DATA EXCERPT section start
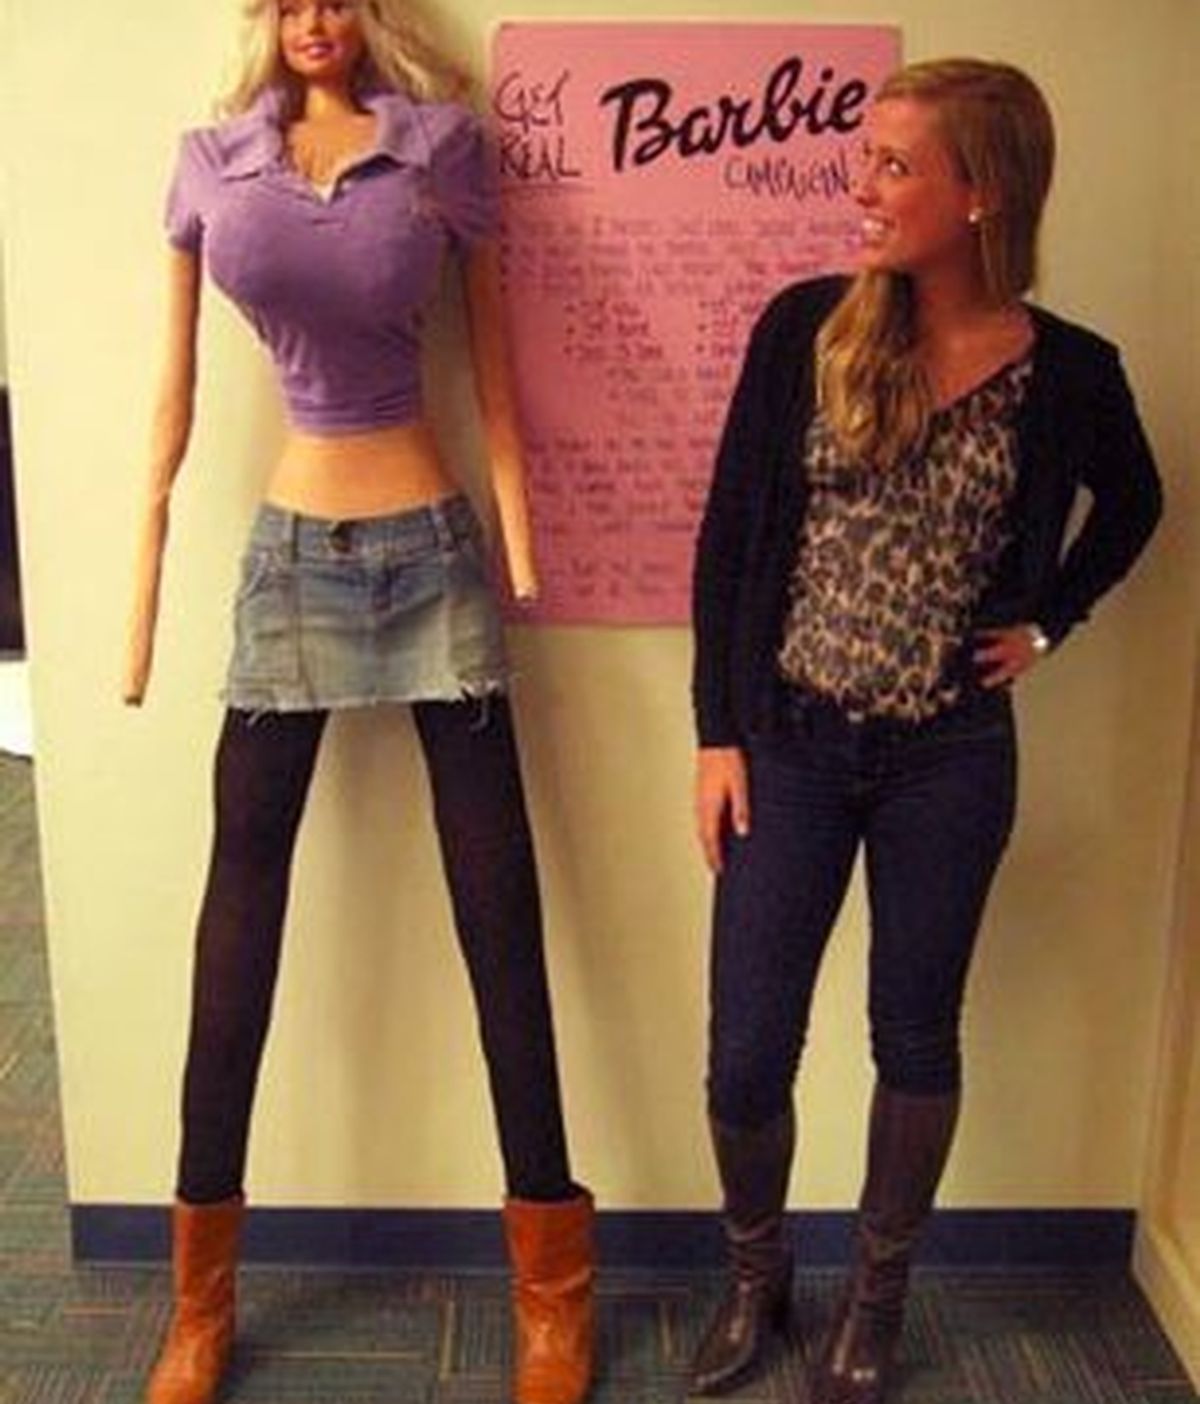 La Barbie construida por Galia Slayen para sensibilizar a las jóvenes de su edad del riesgo de sufrir anorexia.
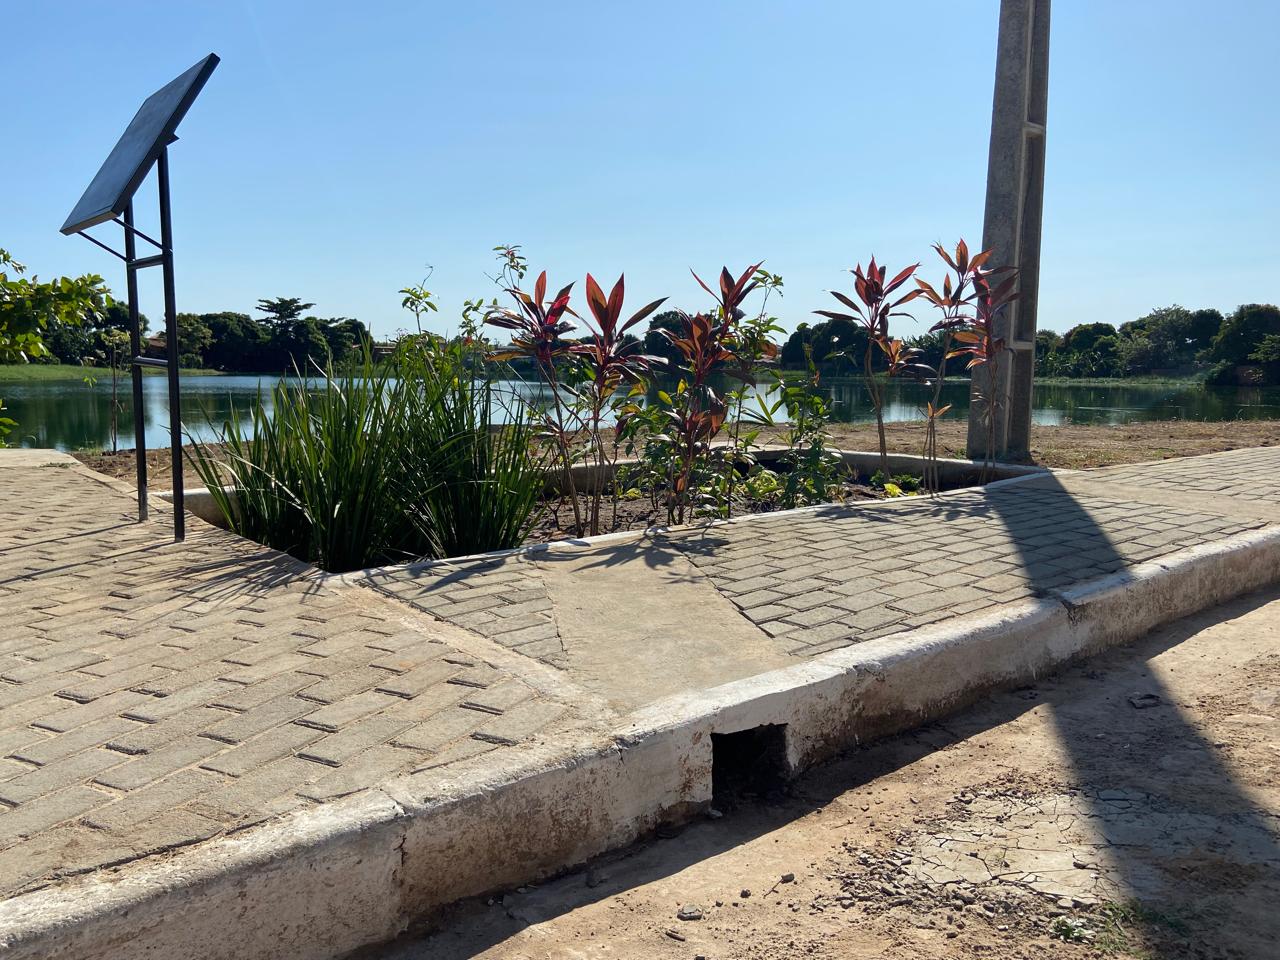 Viver+Teresina finaliza construção do primeiro jardim de chuva do Piauí; saiba como funciona
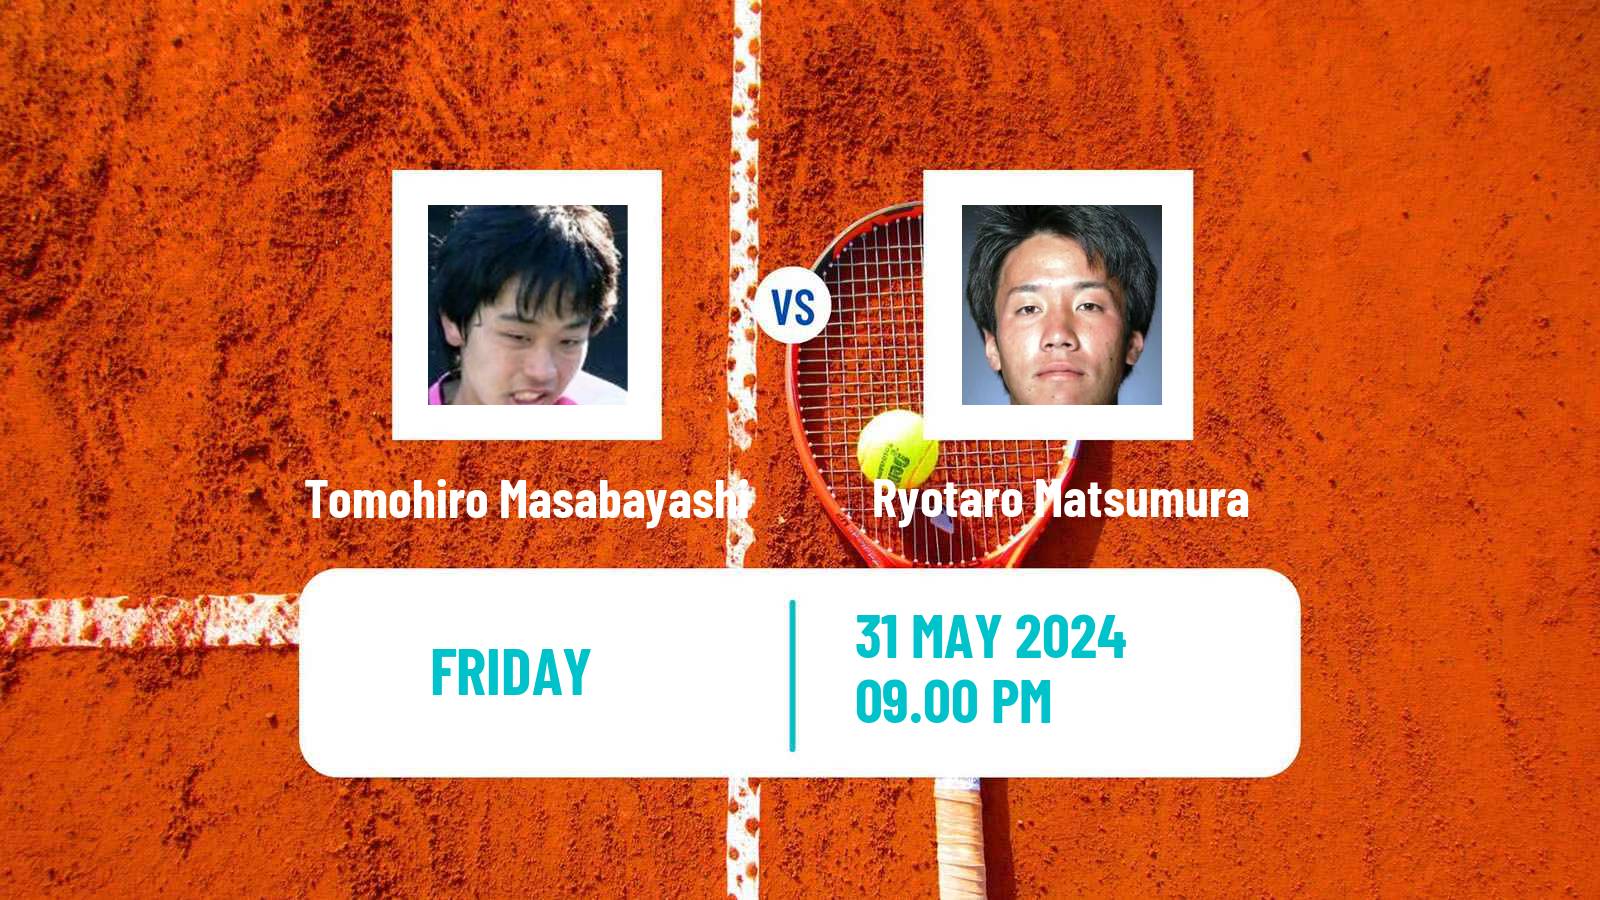 Tennis ITF M15 Karuizawa Men Tomohiro Masabayashi - Ryotaro Matsumura
DATA EXCERPT section end
TASK: Copy each line of the material above exactly, but not the images.

EXERCISE ANSWER:
 La Barbie construida por Galia Slayen para sensibilizar a las jóvenes de su edad del riesgo de sufrir anorexia.
 Viver+Teresina finaliza construção do primeiro jardim de chuva do Piauí; saiba como funciona
 Tennis ITF M15 Karuizawa Men Tomohiro Masabayashi - Ryotaro Matsumura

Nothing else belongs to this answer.